-- Opening Marker --

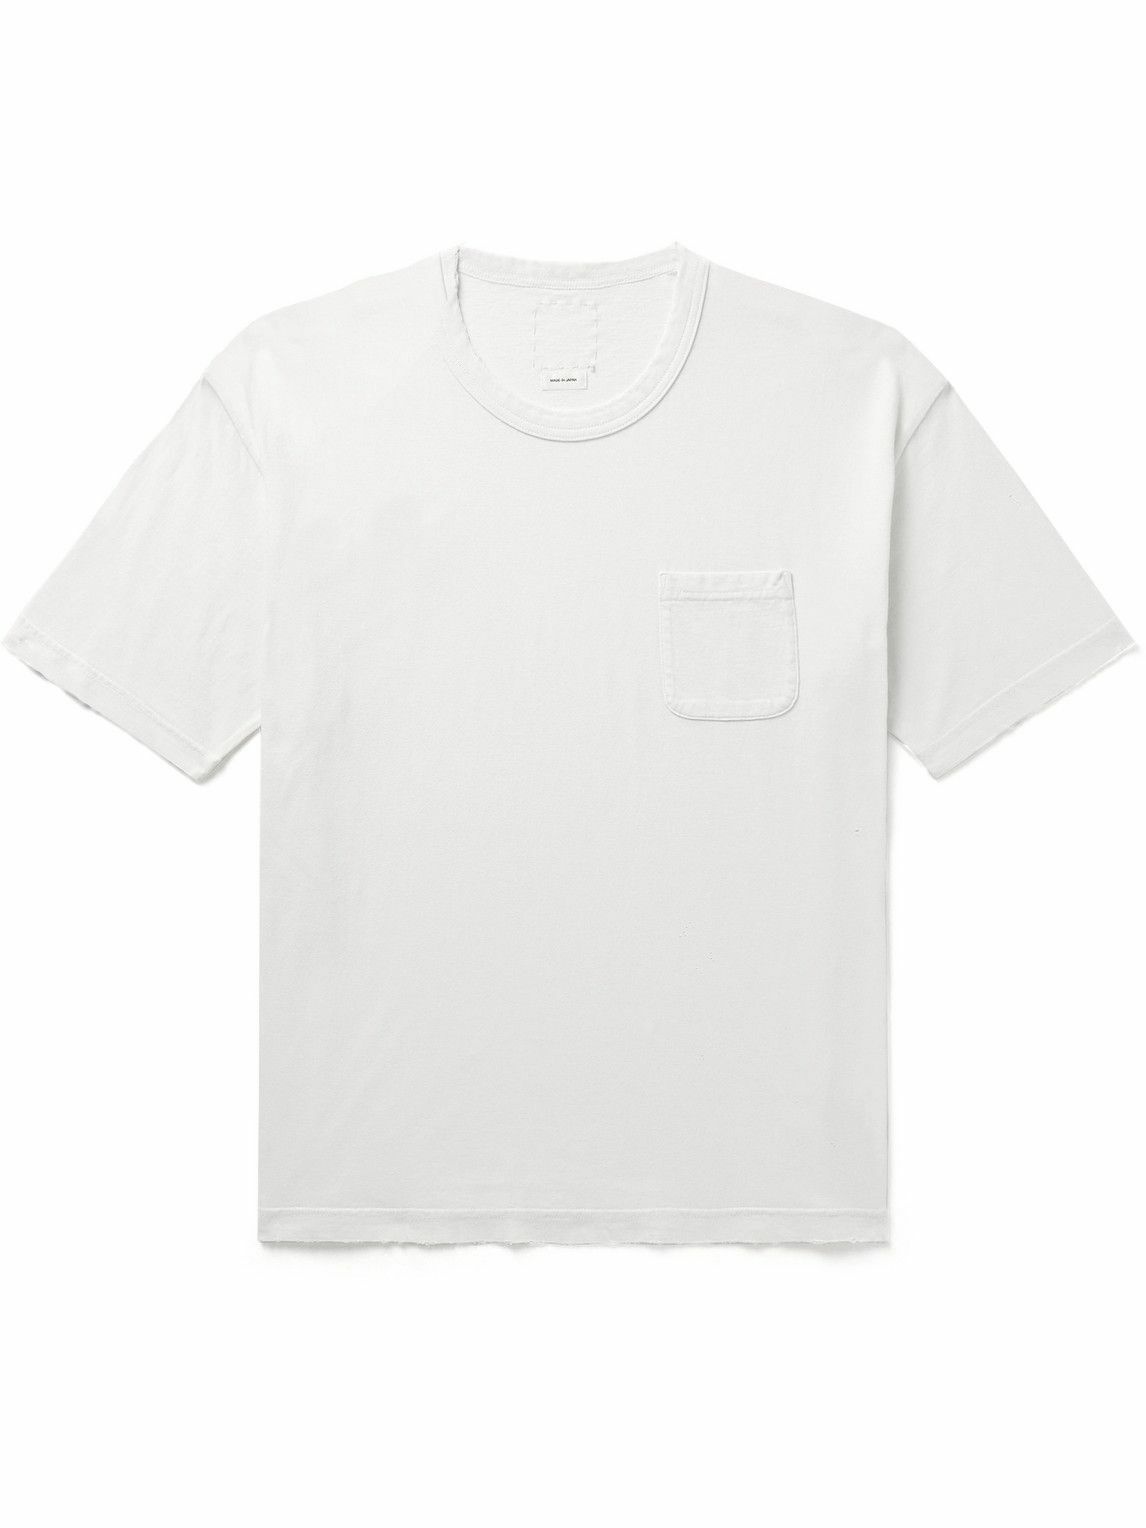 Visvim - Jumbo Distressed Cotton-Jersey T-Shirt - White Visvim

-- Closing Marker --
-- Opening Marker --

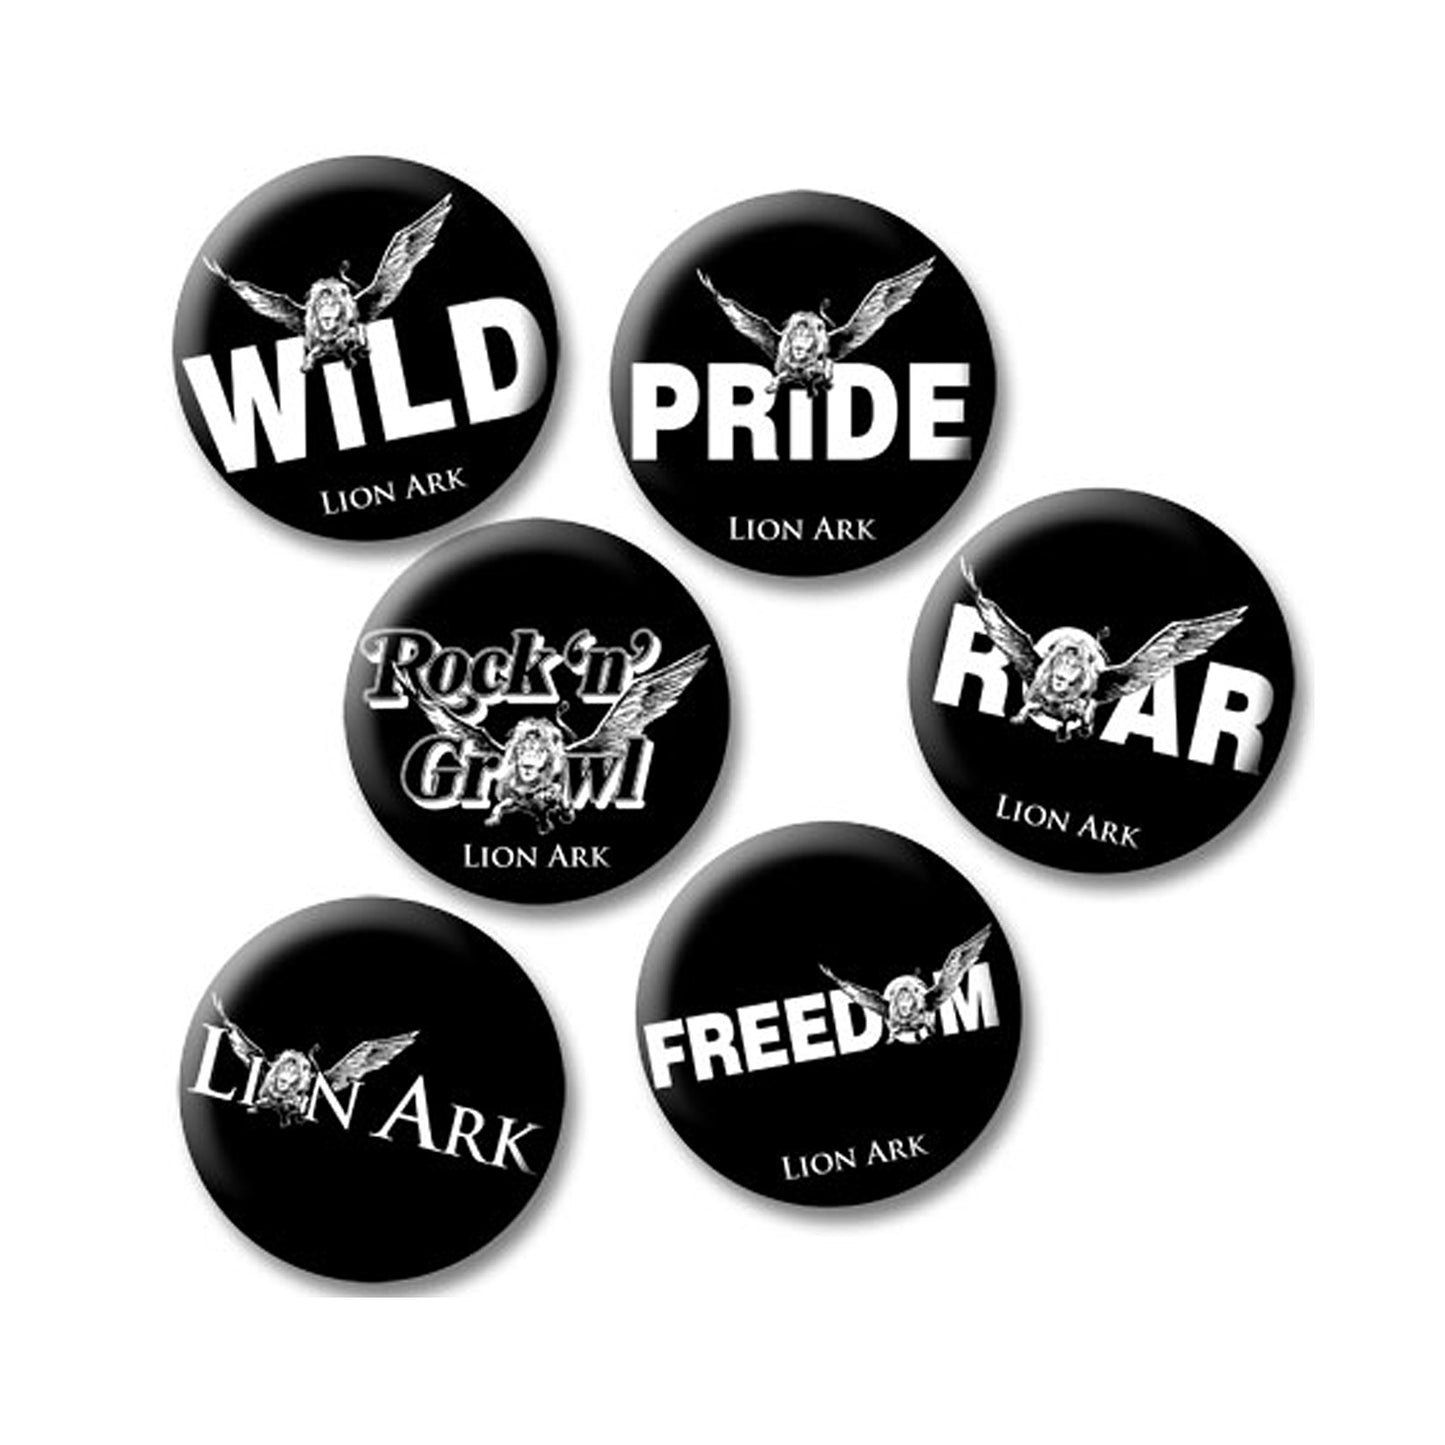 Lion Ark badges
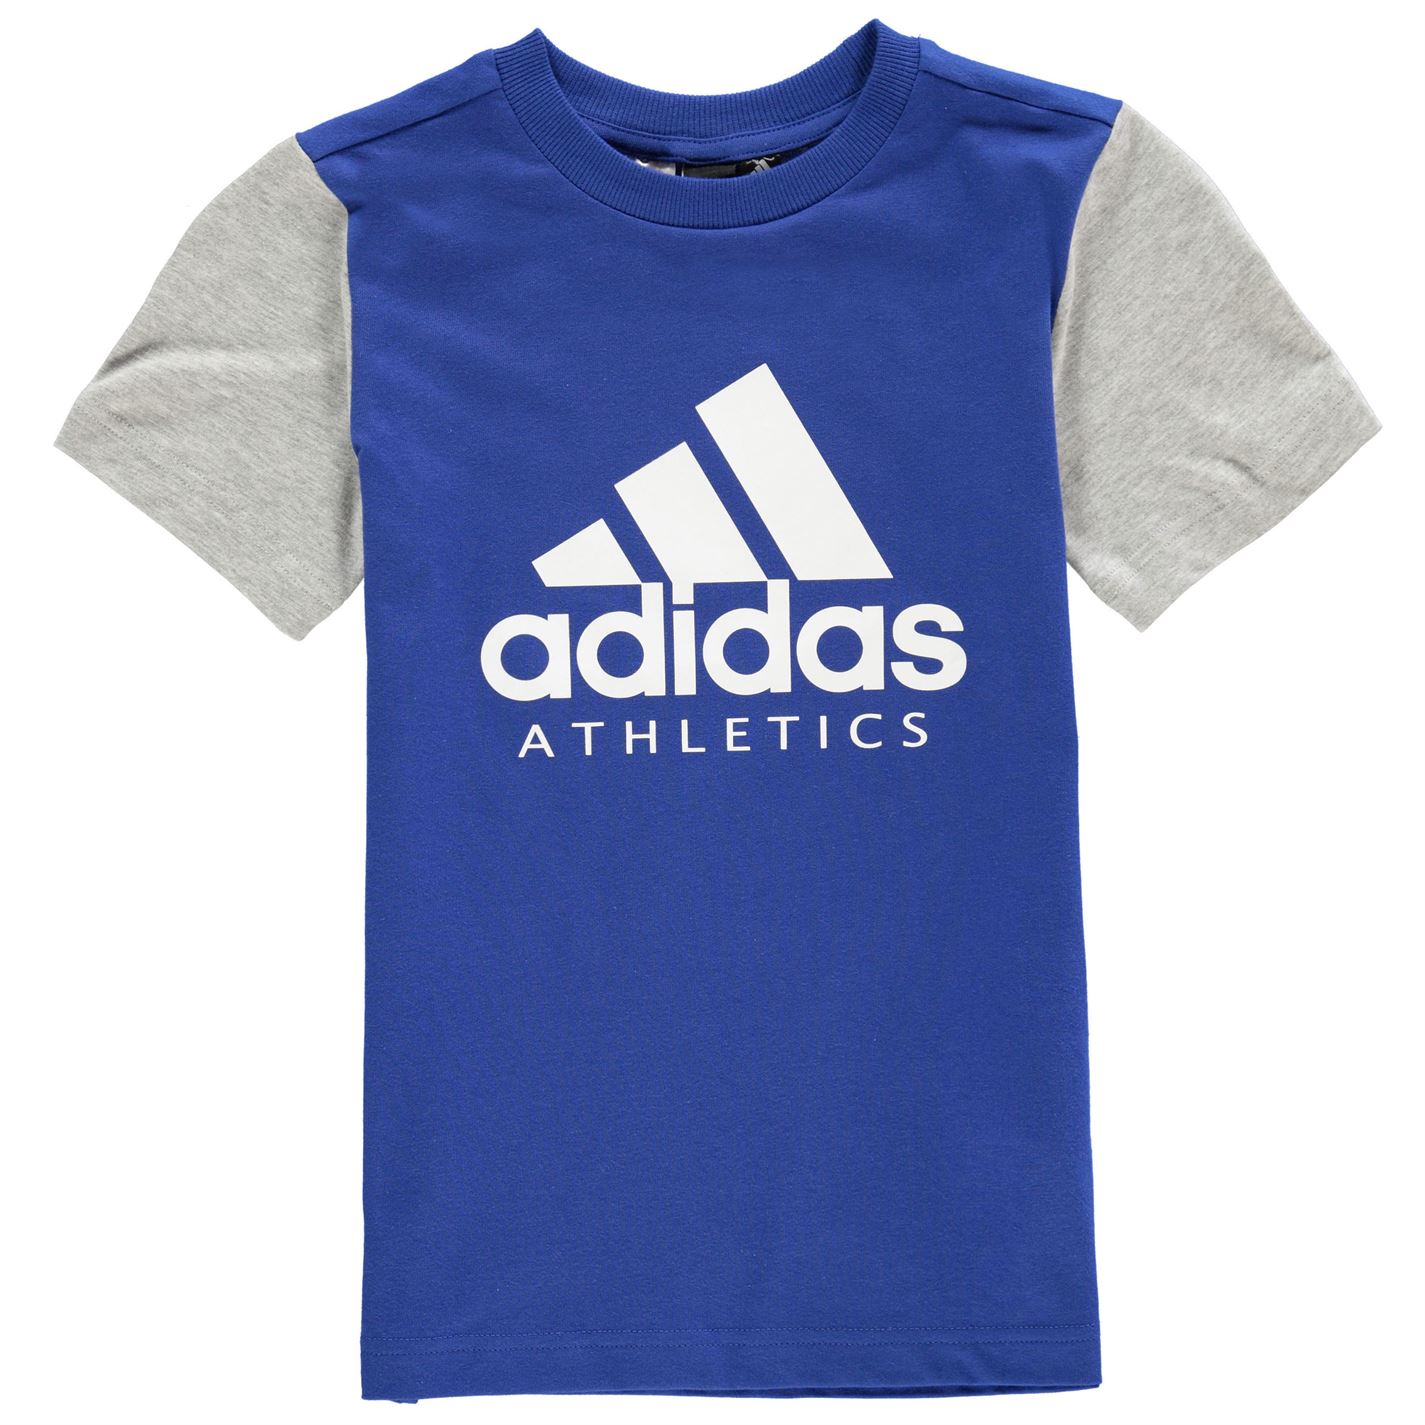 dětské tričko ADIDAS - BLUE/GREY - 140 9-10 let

-- Closing Marker --
-- Opening Marker --

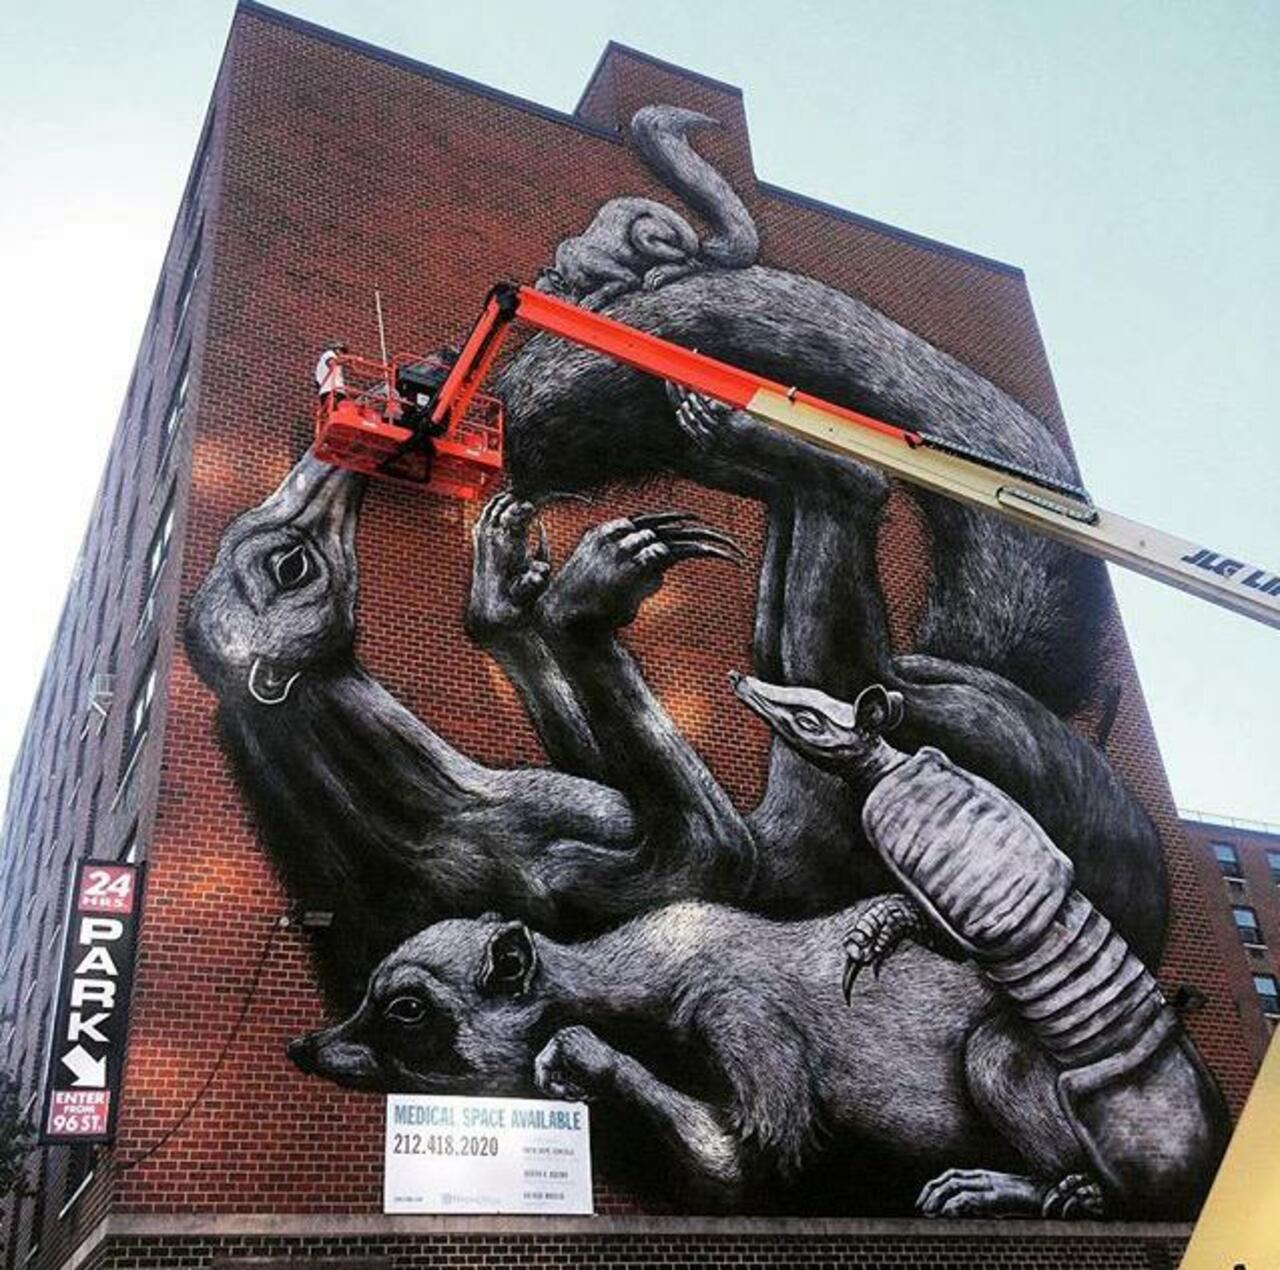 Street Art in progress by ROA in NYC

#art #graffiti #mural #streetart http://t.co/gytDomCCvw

-- Closing Marker --

* **WORK ITEM**: Would you copy out, exactly and with no pictures, only the lines above from the one that contains "Lion Ark badges" through the one that contains "dětské tričko ADIDAS"?

* **ANSWER TO THIS PROBLEM**:
 Lion Ark badges
 dětské tričko ADIDAS - BLUE/GREY - 140 9-10 let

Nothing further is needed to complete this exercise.